Поскольку так требовалось, мы прописали акцию очень детально, передали все сейлз-агентам и публицистам, а они уже договаривались непосредственно с фестивалем. Было сложно: сначала акцию согласовывали, потом отказывали, потом снова согласовывали… В определенный момент наша публицистка выпустила сценарий акции в СМИ, и это был очень своевременный ход: именно тогда Канны нам вроде бы все подтвердили, а потом начали сомневаться. Но когда сценарий попал в прессу, обратной дороги уже вроде и не было, потому что в СМИ появилась приписка, что Канны это уже согласовали. Формально так и было, но после этих публикаций у фестиваля уже не было возможности передумать.
– А сколько, хотя бы приблизительно, стоит работа публициста на фестивале уровня Канн?

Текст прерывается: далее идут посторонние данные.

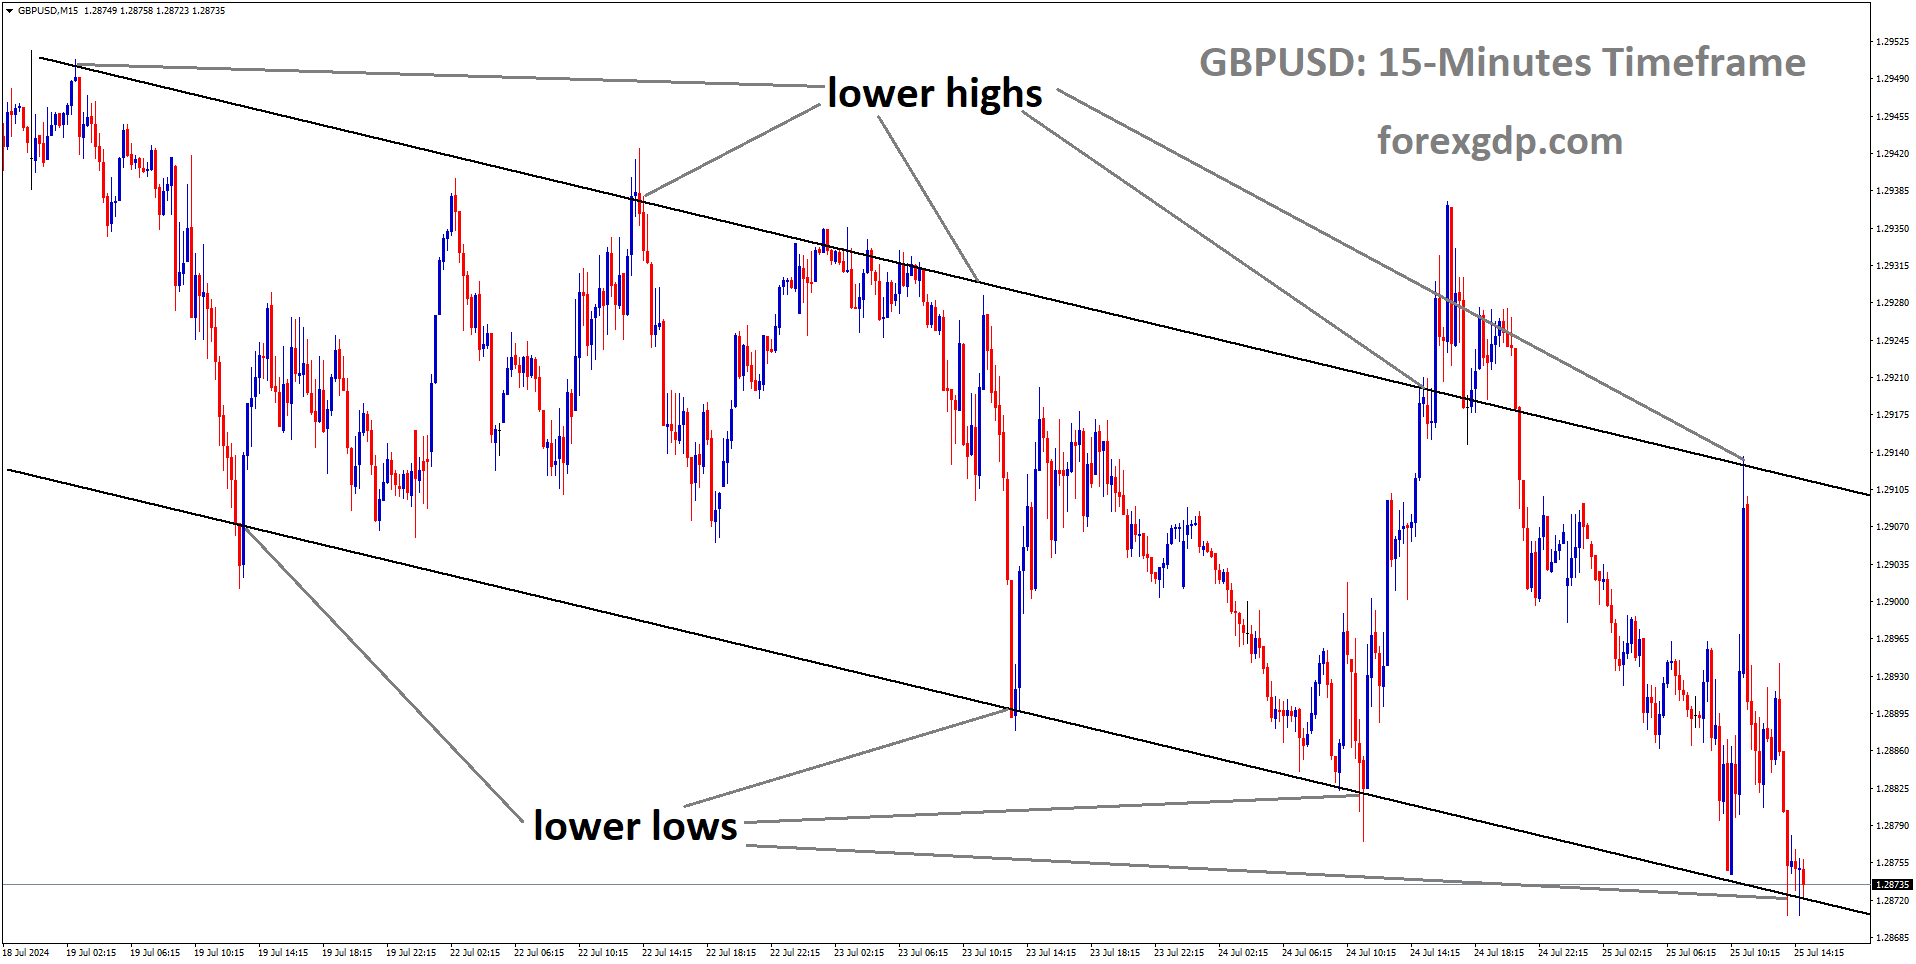 GBPUSD is moving in Descending channel and market has reached lower low area of the channel

– Если честно, я эту цифру не знаю, потому что расходы на публицистов взяли на себя наши сейлз-агенты. Это точно дорого – не одна, не две, не три тысячи евро, но, как видите из нашего кейса, эффективно. Кстати, если кому-то это понадобится в будущем, то могу посоветовать компанию, с которой мы работали, – это бельгийская PR Factory. Они очень крутые и очень понимают и поддерживают Украину.
– Что касается культурной дипломатии, тему которой вы уже немного затронули. Сразу после начала полномасштабной войны на немецком фестивале goEast была дискуссия об отмене русской культуры, проходившая достаточно напряженно, поскольку среди европейцев тогда было мало понимания, почему во время агрессивной войны россии все российское неуместно. Изменилось ли что-нибудь в этом плане сейчас?
– И изменилось, и не изменилось. Это очень долгий процесс. Многие поколения выросли с осознанием, что существует «великая русская культура», и это было константой, одним из слонов, на которых держался мир. Это связи: культурные, личные, экономические. Это годы юности, проведенные многими европейцами в российских университетах. В документальном фильме Кати Горностай «Зуби Леніна», сделанном ею во время Революции достоинства, есть старый дедушка, который сидит возле только что свергнутого памятника Ленину и плачет. Он очень горько плачет и говорит юным девушкам, пытающимся его утешить: «Вы не понимаете. Я мимо этого памятника в детстве в школу ходил». И больше ничего не может произнести, потому что слезы душат его. Так и европейцы. Они мимо этого памятника великой русской культуре всю свою жизнь ходили, поэтому им теперь очень больно видеть, что памятник свергли.
Сейчас точно не модно поддерживать российское кино или говорить громко, что ты это делаешь. Но тихо европейцы активно помогают «хорошим россиянам». Россияне еще и быстро переобуваются. Если украинцы всегда первым делом работают на то, чтобы Украина была указана в проекте официально страной-производителем (а сейчас при отсутствии национального финансирования это не так просто), то россияне переезжают в другие страны, открывают там компании, и – сюрприз – это уже не российский, а немецкий или швейцарский фильм. Очень удобно не только для самих россиян, но и для европейцев.
На фестивалях все еще показывают русское кино, но меньше. И например, некоторые фестивали, я знаю, планируют дискуссии на тему «Нужно ли бойкотировать российское кино». Да, нам это кажется смешным, но для них это большой шаг.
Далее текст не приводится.